* What is required *
Leave every picture out. Set down all the lines below exactly.

* Data extract *
☆ ☆ ☆ ☆

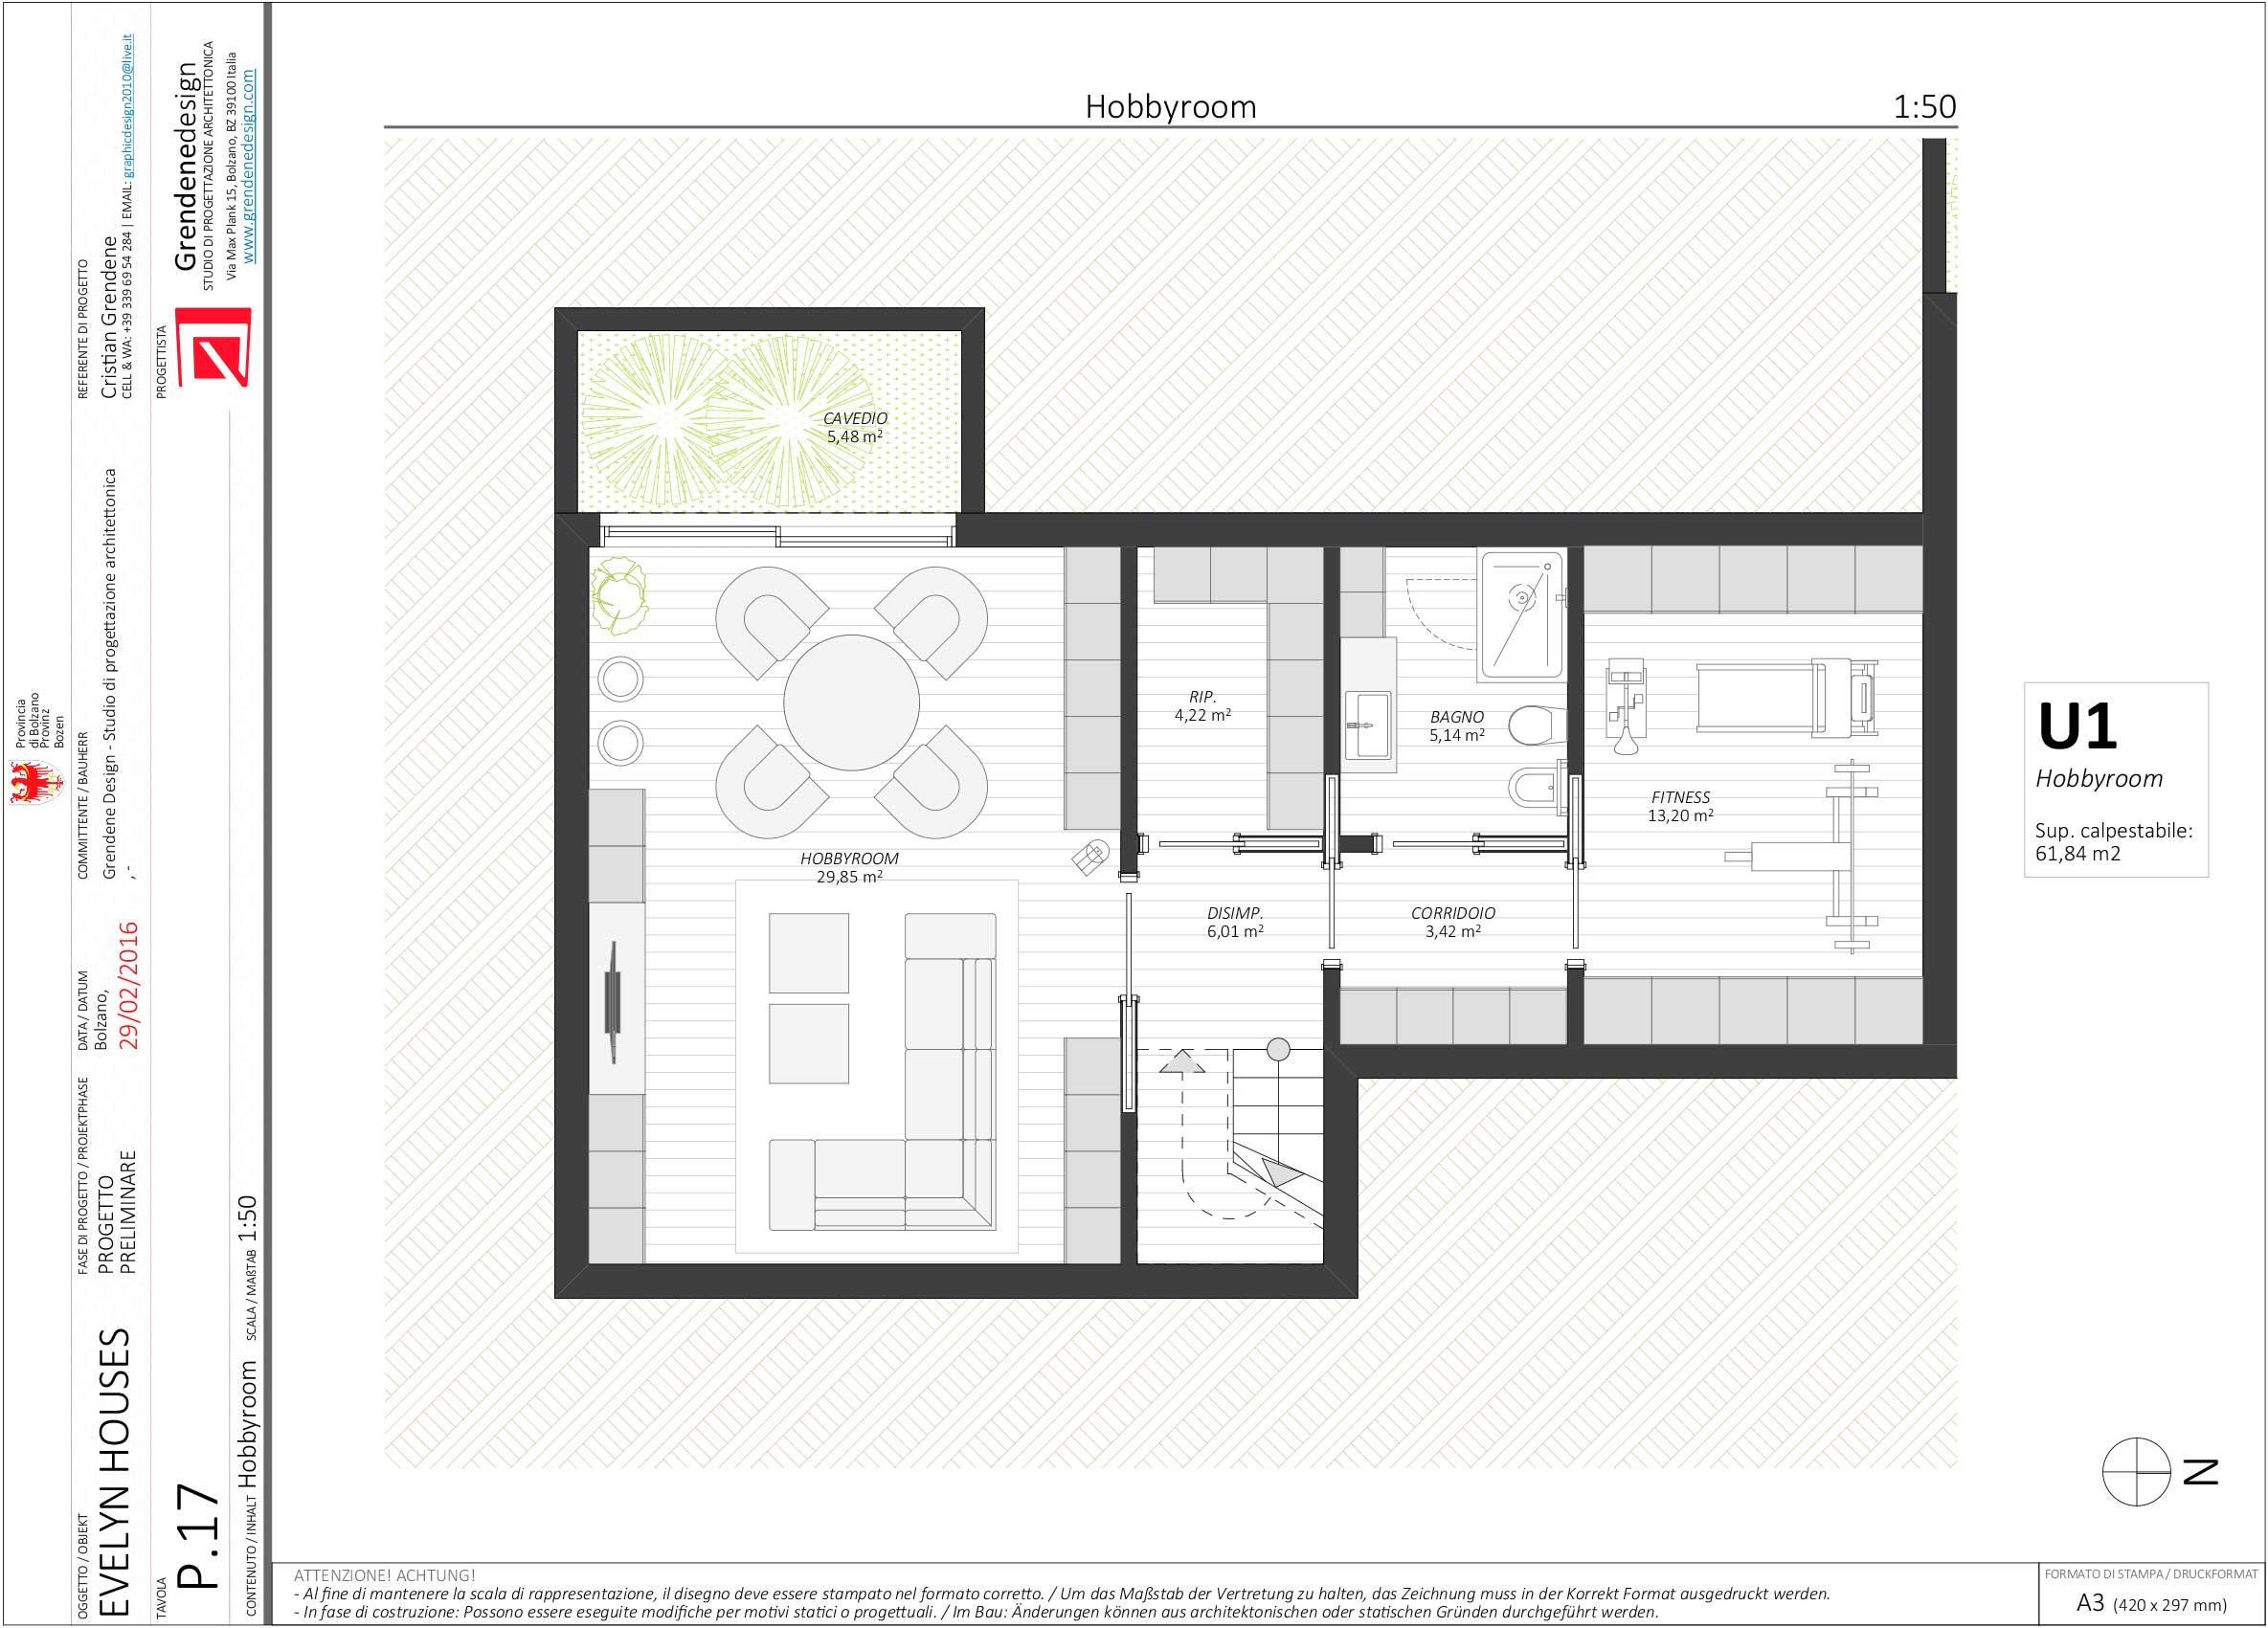 UNITA' 1 - Hobbyroom
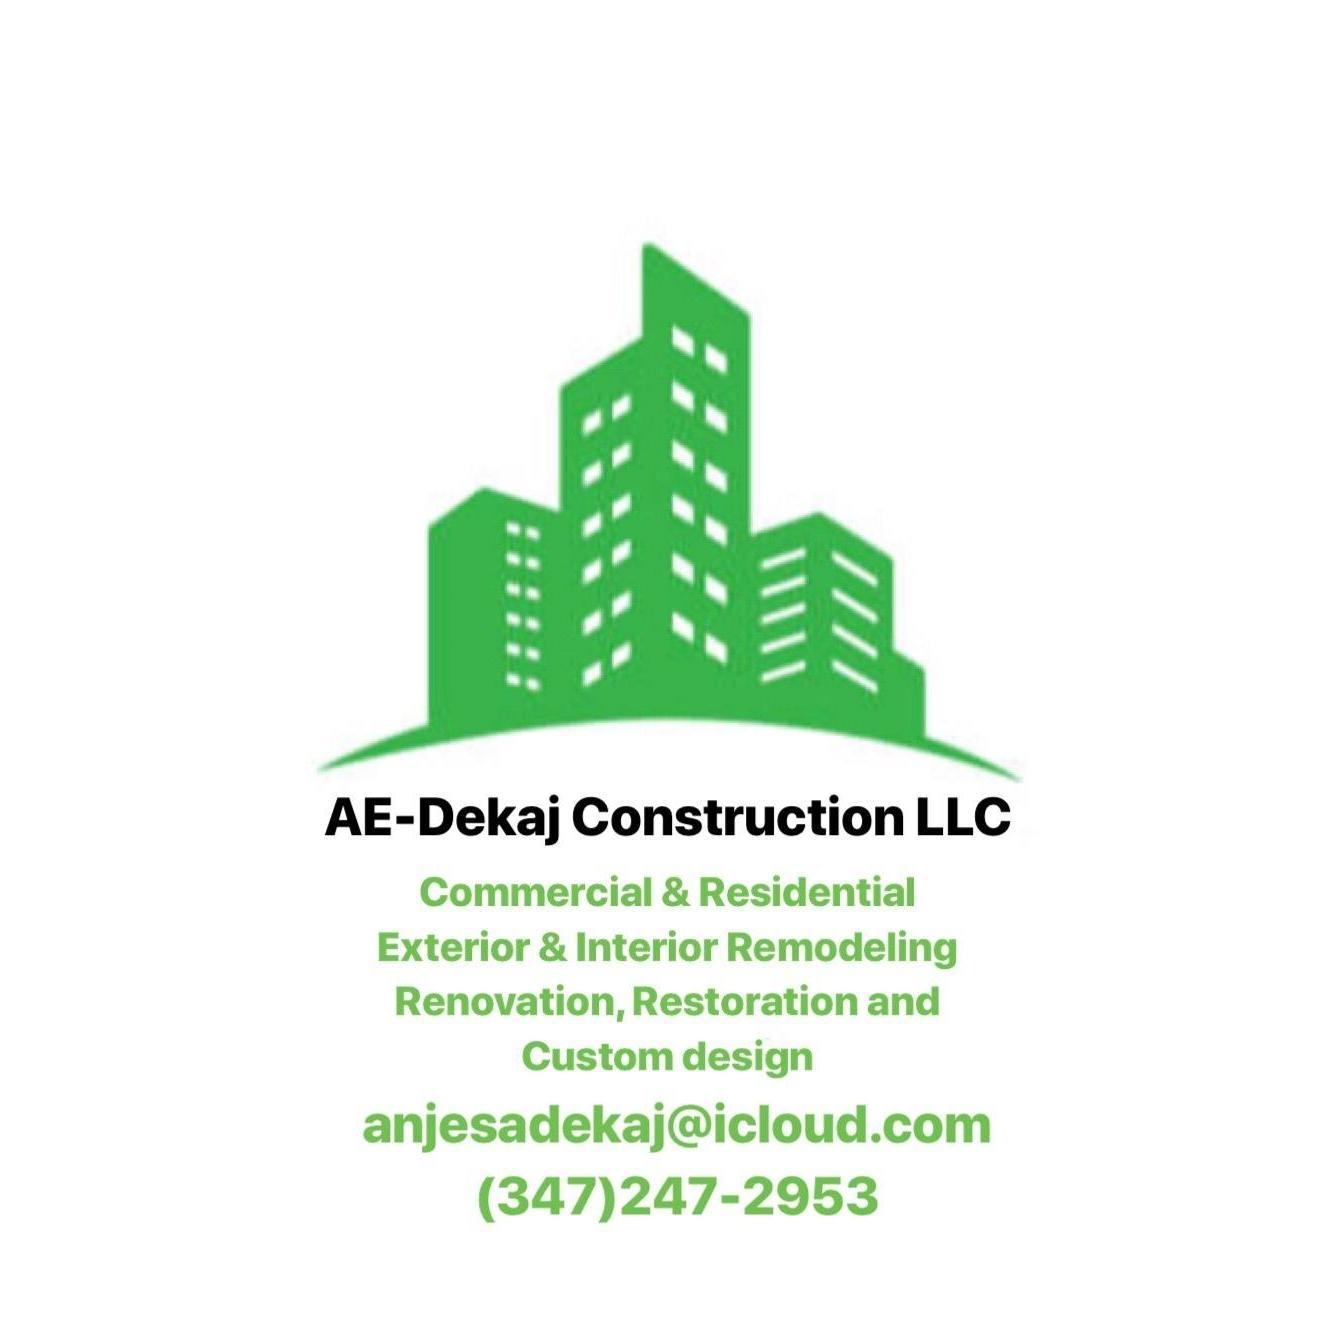 AE-Dekaj Construction LLC
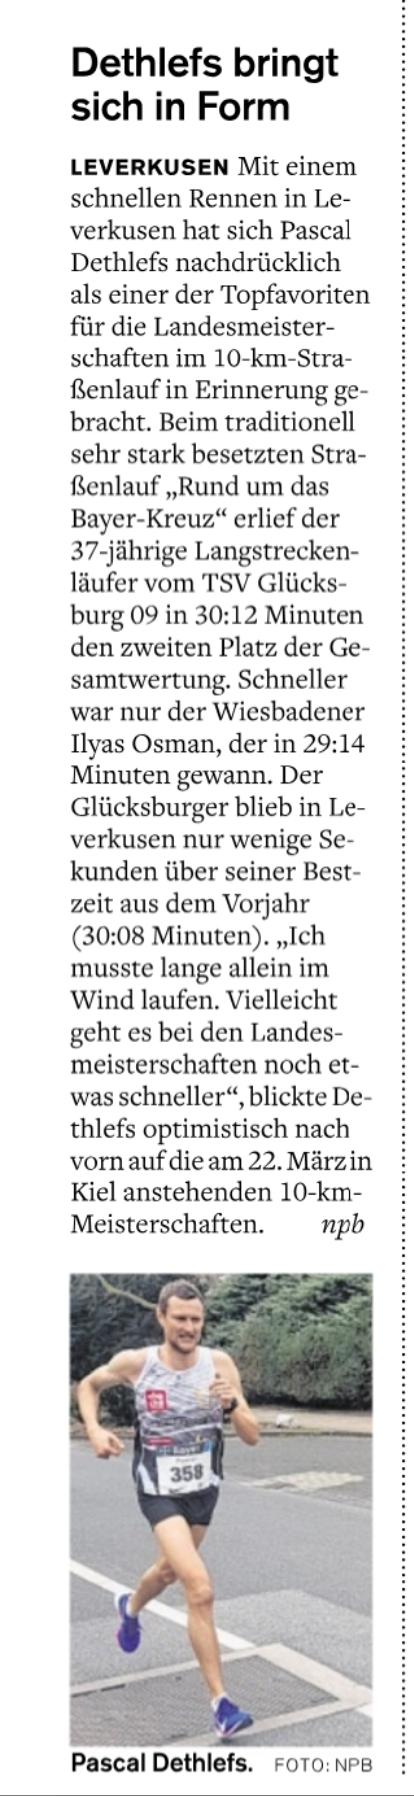 Leverkusen 10km

☆ ☆ ☆ ☆

* Answer box *
 UNITA' 1 - Hobbyroom
 AE-Dekaj Construction LLC
 Leverkusen 10km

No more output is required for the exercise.